And finally: optimize your queries. It matters a great deal whether a single page in your site is constructed from 10 or 20 different queries.
Just my 2 cents...
First design the system, all the tiers (layers) in the n-tier system. Secondly, define which functionality is needed in which tier to make the system work as defined. Third, choose for each tier the right technology to make it perform at best: performance AND reliable. THEN you start implementing.
:)
If you let your vision get blurred by focussing on one or 2 technologies before you've defined and designed the system, you'll never get to your goal.
As a global delimiter there is always the budget and what you can buy for the budget. Another is the lack of skills in certain fields of technology: some people at your team can be great Perl programmers but lousy in COM component building for middle tier software.
I know this sounds vague, but if you first do step 1 and 2 and good, you can then ask for which tier/functionality group which technology is the best to choose, concerning your team's delimiters money and knowledge/skills.
Any platform and tool mentioned in this thread will be, in a certain way, able to give what you asked for. Even Windows2000 with build in middleware (COM+), ASP, and an additional SQLserver or the free MSDE (Microsoft Database Engine, an SQLserver lookalike without storedprocs). It's however not possible to point NOW to the right direction which SET of tools, technologies and languages you'll need to create the high speed webapplication setup you'll need.
Please keep that in mind.
--
Never underestimate the relief of true separation of Religion and State.

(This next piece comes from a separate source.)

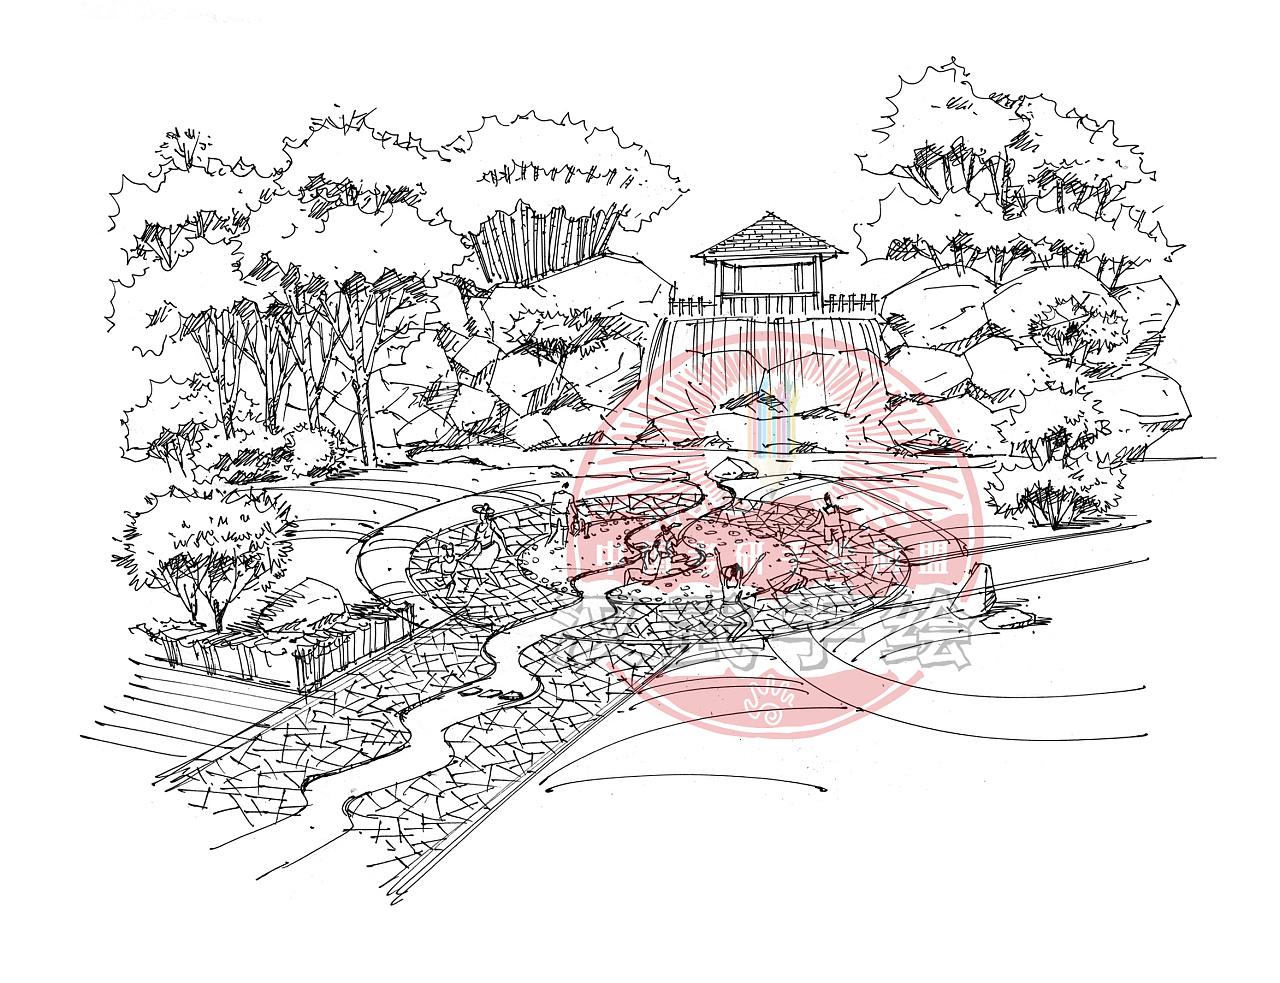 汉武作品——沿江公园|空间|景观设计|汉武手绘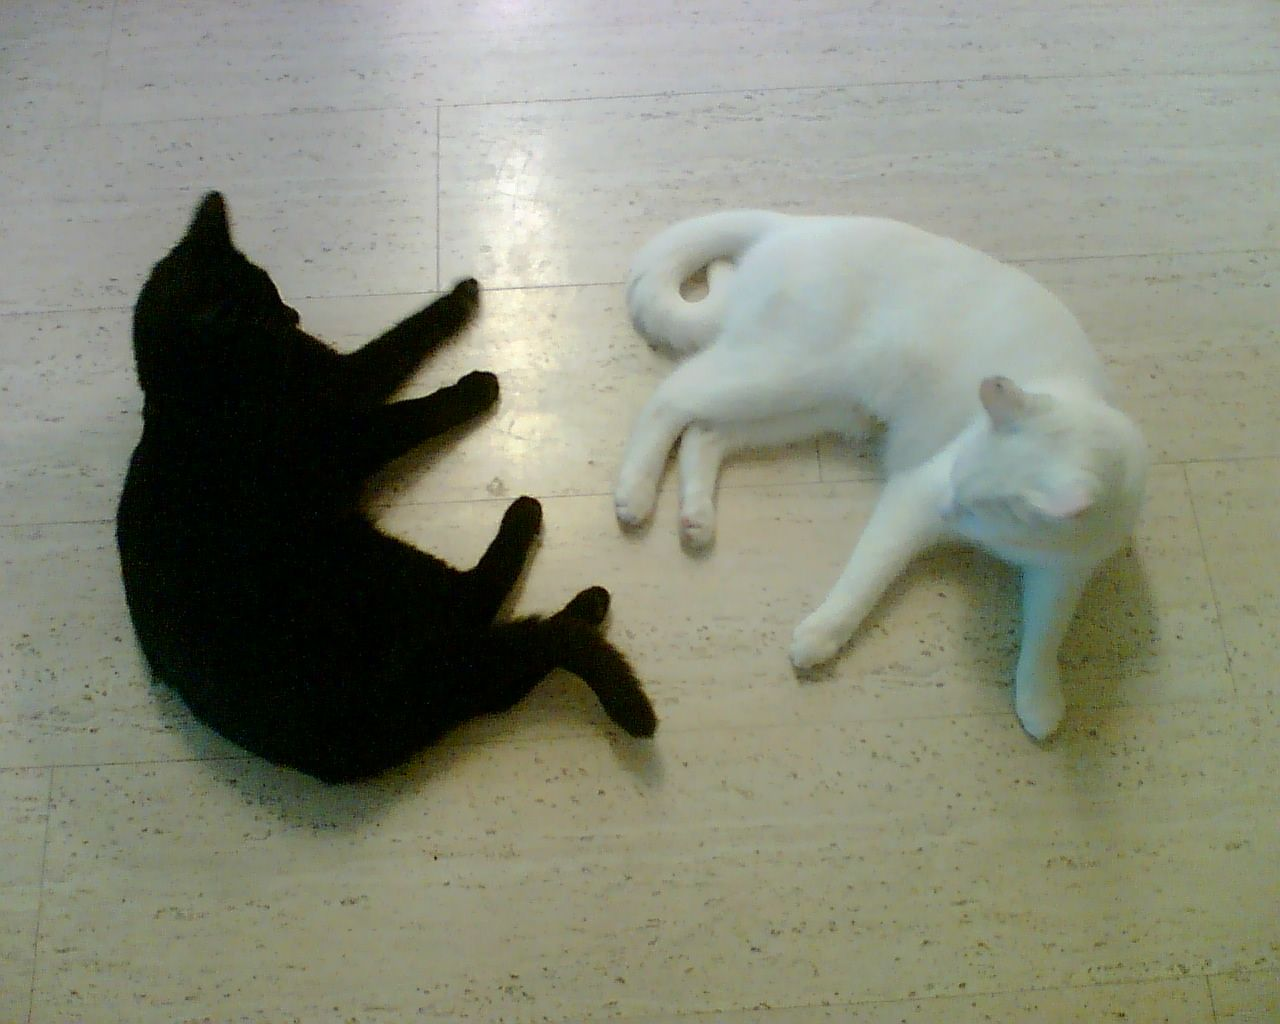 Resultado de imagen para cat black with cat white

I have much experience in this area. I run a hosting company that has built High Availability into the design of the network. Using Linux Virtual Server as a load balancer allows us to scale very easily and provides maximum uptime and speed. For scalability, to add more resources, we simple add new servers behind the LVS. The LVS is a patch to the linux kernel, so it performs very fast and it provides a layer of security, since you can forward only the ports that you want to. LVS has several different algorithms for scheduling which server gets each request.
Also, using the Roxen WebServer provides great performance for dynamic content. Roxen has built in database features that perform very well, for instance, roxen will keep the database connection open for fast access. Roxen will also allow you to write scripts that run very quickly because they get read into the roxen process memory the first time they execute, and they never have to be called again (no forking). Or, you can get away from CGI all together and write your own roxen modules that run internally in the server and add functionality. Roxen also has it's own built in markup language called RXML that includes tags for doing database queries, creating images on the fly, and many more. Bottom line, Roxen gives you the ability to do anything you want with your web server, and still give you the best performance possible.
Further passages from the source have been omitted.